John Awuah, CEO of the Ghana Association of Banks (GAB), welcomed the move, stating that it aligns with the banking sector’s expectations and should result in lower interest rates across commercial banks. He explained that the Ghana Reference Rate (GRR), which plays a key role in determining market lending rates, is likely to reflect the policy cut when it is updated on August 6, 2025. Lending rates, which currently hover between 20–23%, are projected to drop noticeably.

However, Awuah also highlighted the need for better alignment between various market rates. He noted a disconnect between the policy rate, the open market operations rate (9.5%), and treasury bill yields (about 10%), suggesting a need for synchronisation to ensure that credit markets function more effectively. He emphasized that aligning these rates would give investors and borrowers confidence in the central bank’s policy direction.

Echoing these sentiments, economist Prof. Godfred Bokpin from the University of Ghana commended the policy cut but stressed the need for stronger coordination between fiscal and monetary policy. While he acknowledged the reduction as a step in the right direction for economic recovery, he noted that the central bank’s previous reluctance to reduce rates had created a lag between falling inflation and high borrowing costs. Bokpin had anticipated a more aggressive 500bps cut but believes the 300bps reduction is still impactful.

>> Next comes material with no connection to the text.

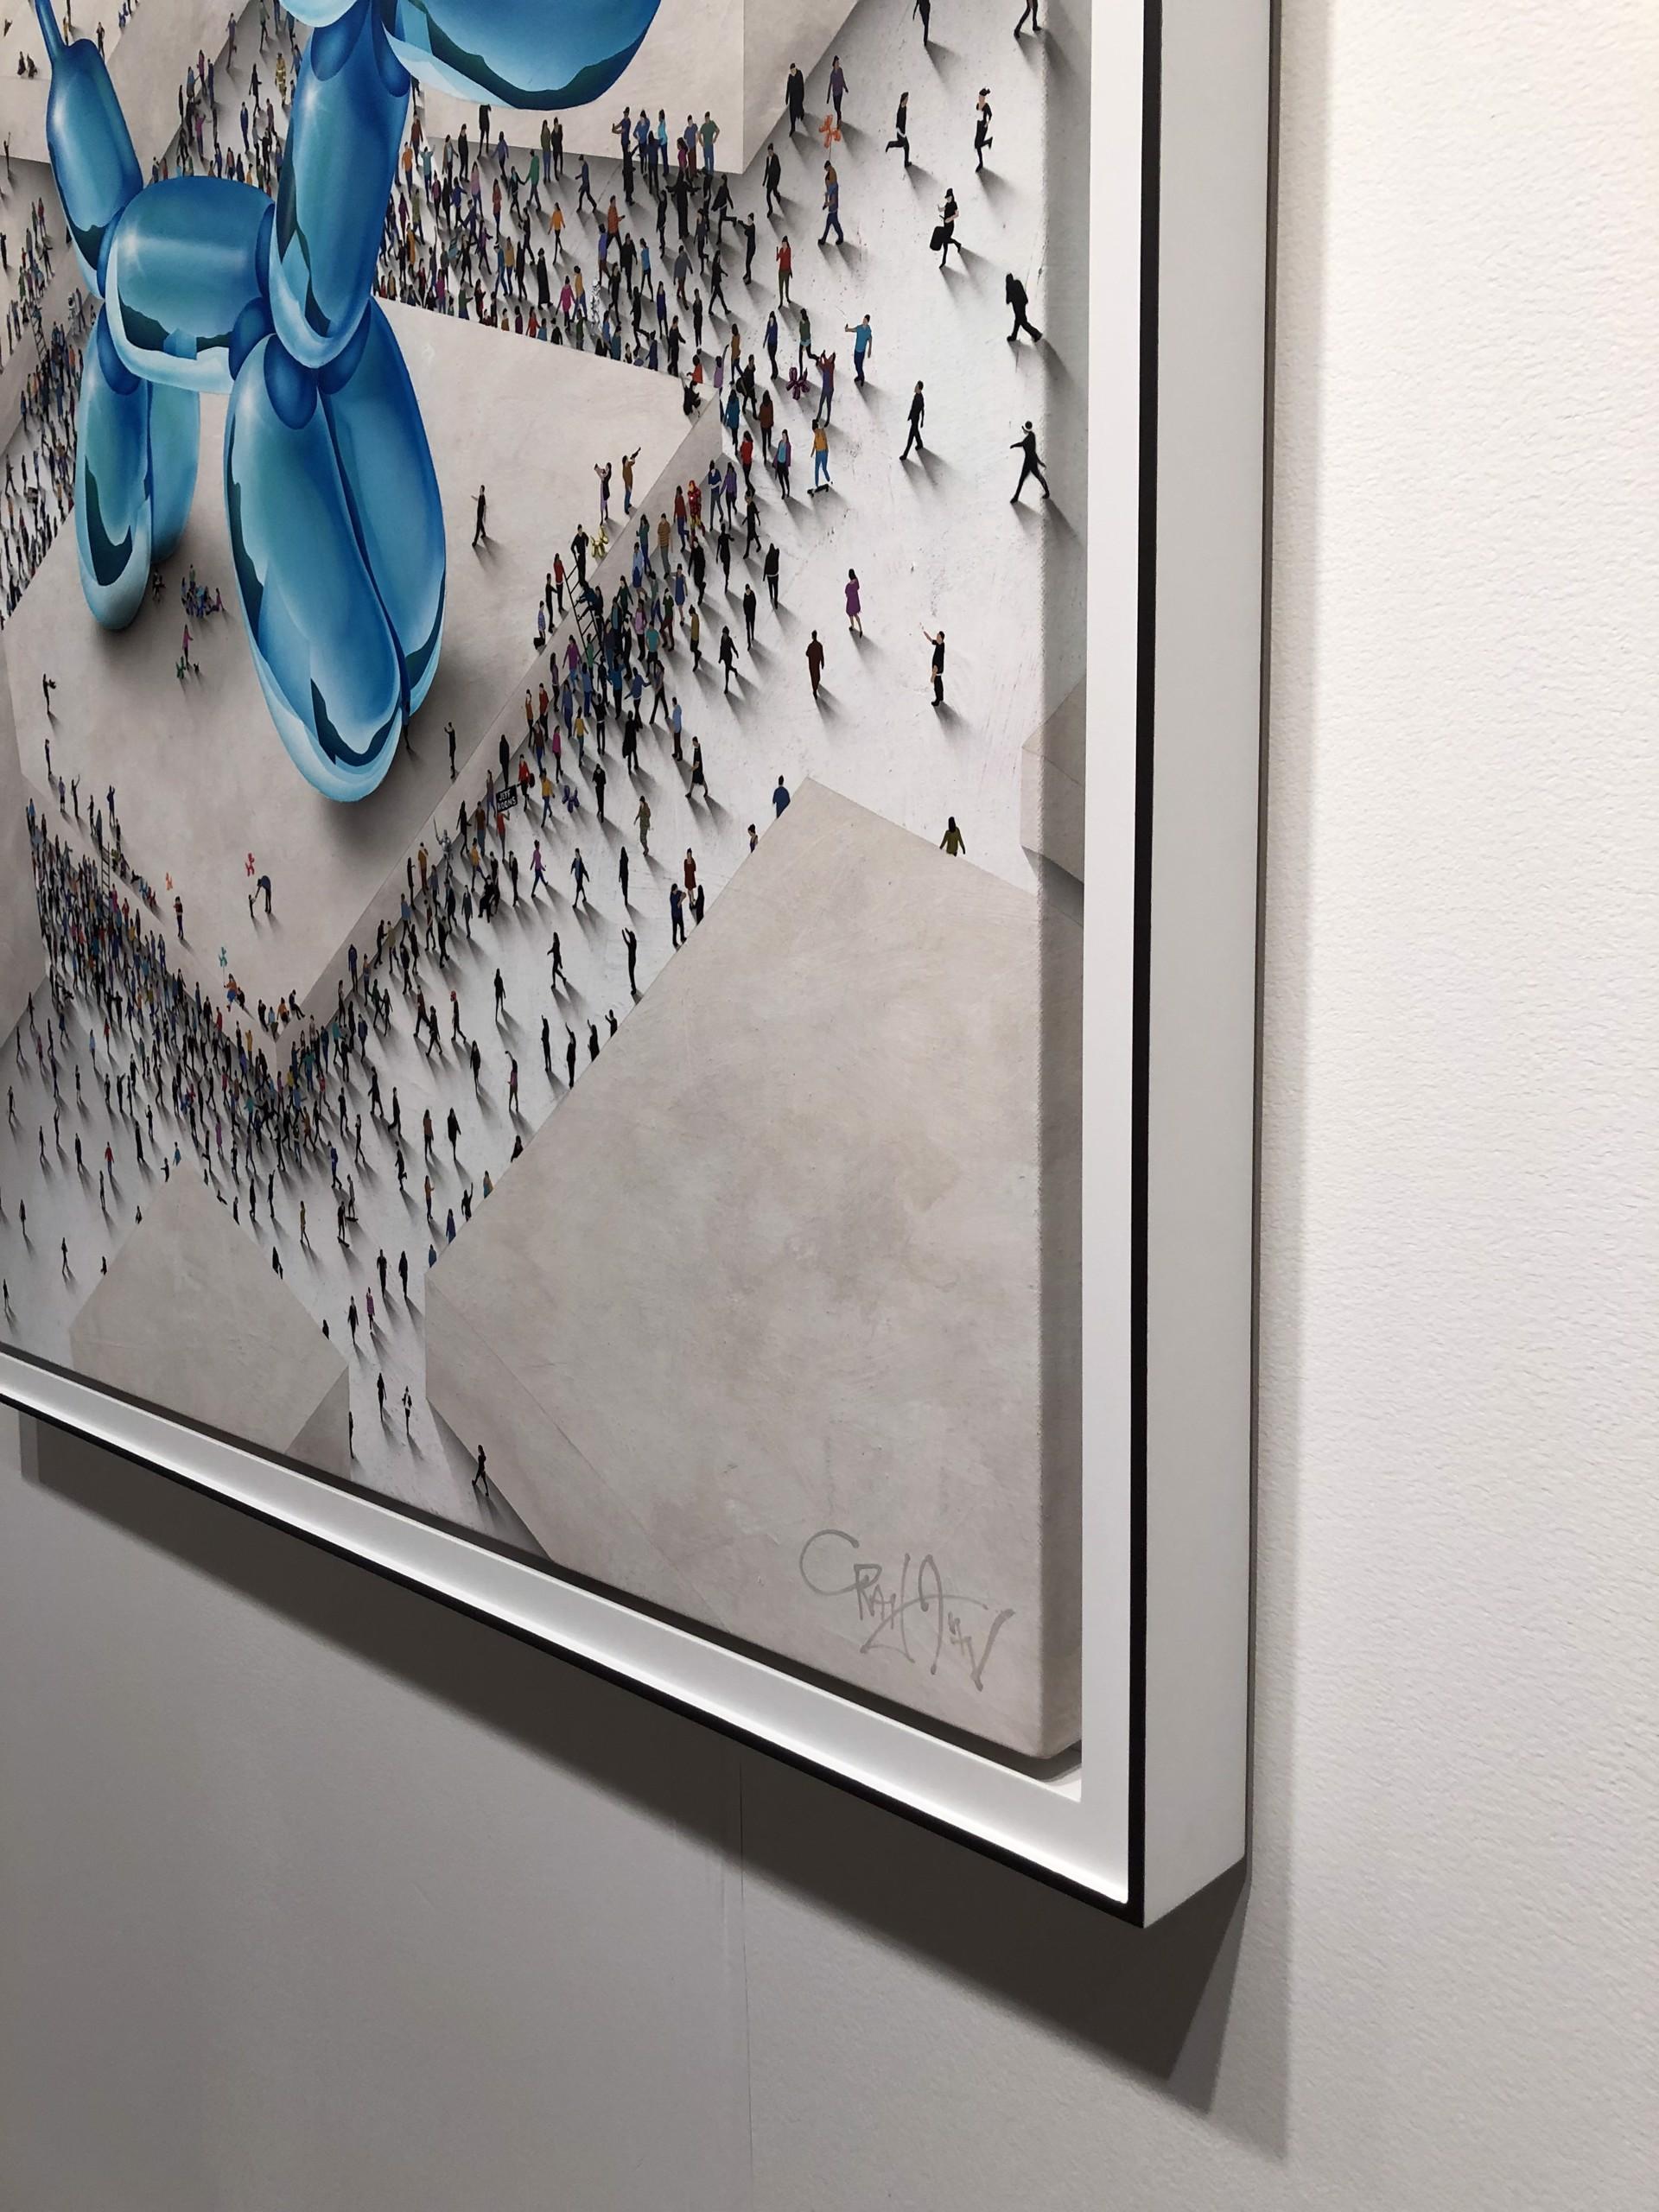 POPSTARS (Sold) by Craig Alan, Populus Homage

Despite the positive outlook, Prof. Bokpin warned that other tightening measures, such as tiered reserve requirements and high reserve ratios—sometimes up to 25%—could blunt the effect of the policy change. He advised that broader structural adjustments are needed to truly unlock affordable credit, especially for the private sector. As inflation continues to decline, more rate cuts could follow, possibly bringing the policy rate below 11% in the near future.